Я приказываю: курс НОРД


***
Сосуд тумана и стекла –
                      прозрачна в сумерках земля.
Она - эпическая песнь
                      индейцев, предков, облаков
во время оно, время родов
                      горных пород и русел рек,
когда вода свой путь торила
                      внутри пещер и ледников

и выходила, обрываясь
                      с высоких скал, когда вулканы
вскипали лавой, и горели
                      большие трещины в земле,
во время оно, время родов
                      пустынь и моря, человек
мог стать звездой или травой
                      и обратиться в игуану.

Во время оно, когда боги
                      сражались, время сыновей
встававших на отцов, готовых
                      пожрать рождённое дитя,
когда на смену скудным травам
                      и камню появился лес
из можжевельника и граба,
                      полный невидимых зверей

и насекомых, где на ели
                      клёст вышелушивает семя
из шишки маленькой, где много
                      никем не узнанных растений,
во время оно, время первых
                      на побережьях поселений,
когда священную лосиху
                      тотемом избирало племя,

во время оно, когда царство
                      земли в той песне трав и звёзд
творилось каждым новым певчим
                      из сновидений и сказаний,
когда песнь-папоротник
                      и песнь-чёрный дрозд
впелись впервые
                      в песнь мирозданья,

тогда просило царство, чтобы
                      его Царя назвали имя.
Но говорят, что песнь сейчас
                      тверда, как лава, что остынет,
извергнувшись.
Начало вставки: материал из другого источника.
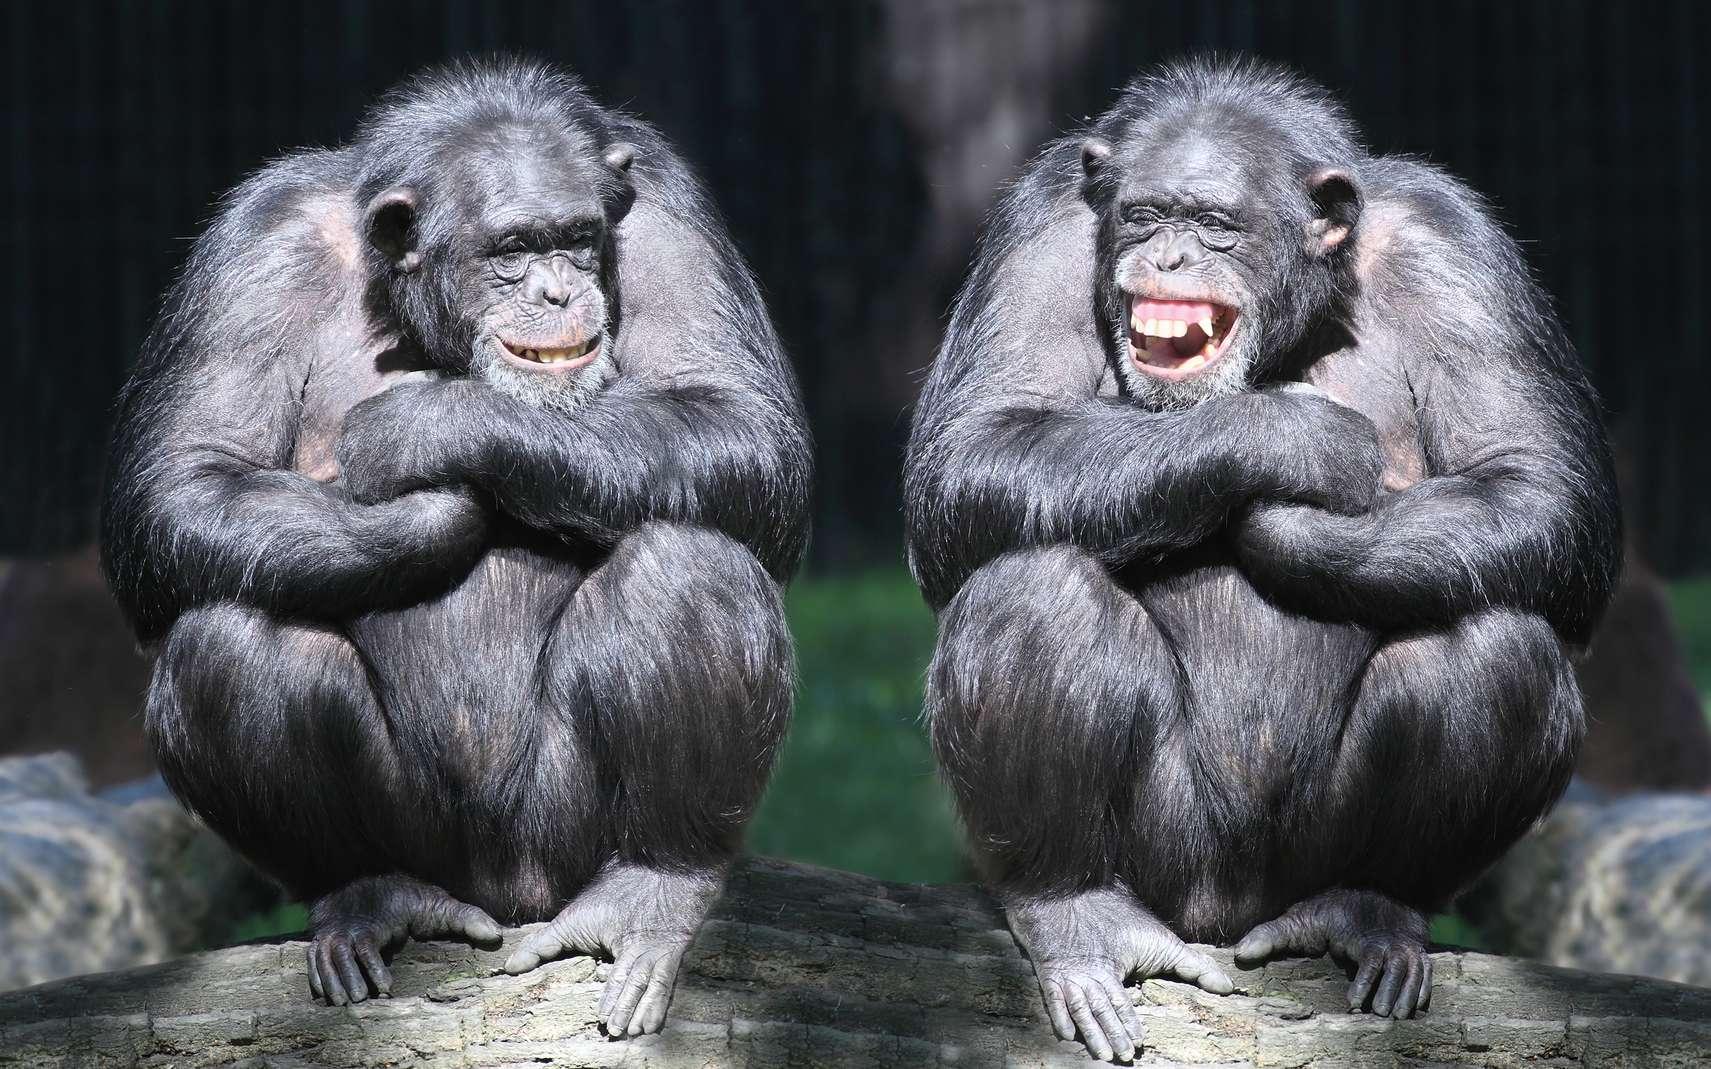 Les chimpanzés montrent des dispositions variées dans de nombreuses tâches intellectuelles. © Kletr, Fotolia

Песнь стала персть
                      и кость, отбыв во время оно.
Отбыв? – но песнь звучит и днесь,
                      и Царь ждёт имени и трона.

***
рельсы-рельсы шпалы-шпалы
белый свет - цветочек алый
воздух, бездна, высота
в каменных бойницах небо
замурованные двери
там, где скальные тоннели.
что за хмели-повители
в этих брошенных местах!
балконы, окна, галереи
железнодорожных арок,
железнодорожный мост,
чайки, камень, ржа.
старая одноколейка
дореволюционная,
и дрезина, словно время,
укусив себя за хвост,
то туда, а то обратно
ездит, дребезжа.

соната из консервной банки

1
господи, взываю к тебе из консервной банки:
вели ей жезлом аароновым расцвесть -
садами в жестяных лучах и клёнах.

          -- я и сам жестяной,
и все вокруг жестяные клоуны,
в общем дела у меня примерно, как в танке,
то есть в консервной банке,
одним словом –
жесть.

гадал я и думал глупую нервную думу:
изнутри иль извне,
извне иль изнутри,
так ничего не понял.
серебряная рыбка умерла да и не воскресла.
должен я додумать проклятую думу,
чтобы больше никто не умер, а, кажется, не успею.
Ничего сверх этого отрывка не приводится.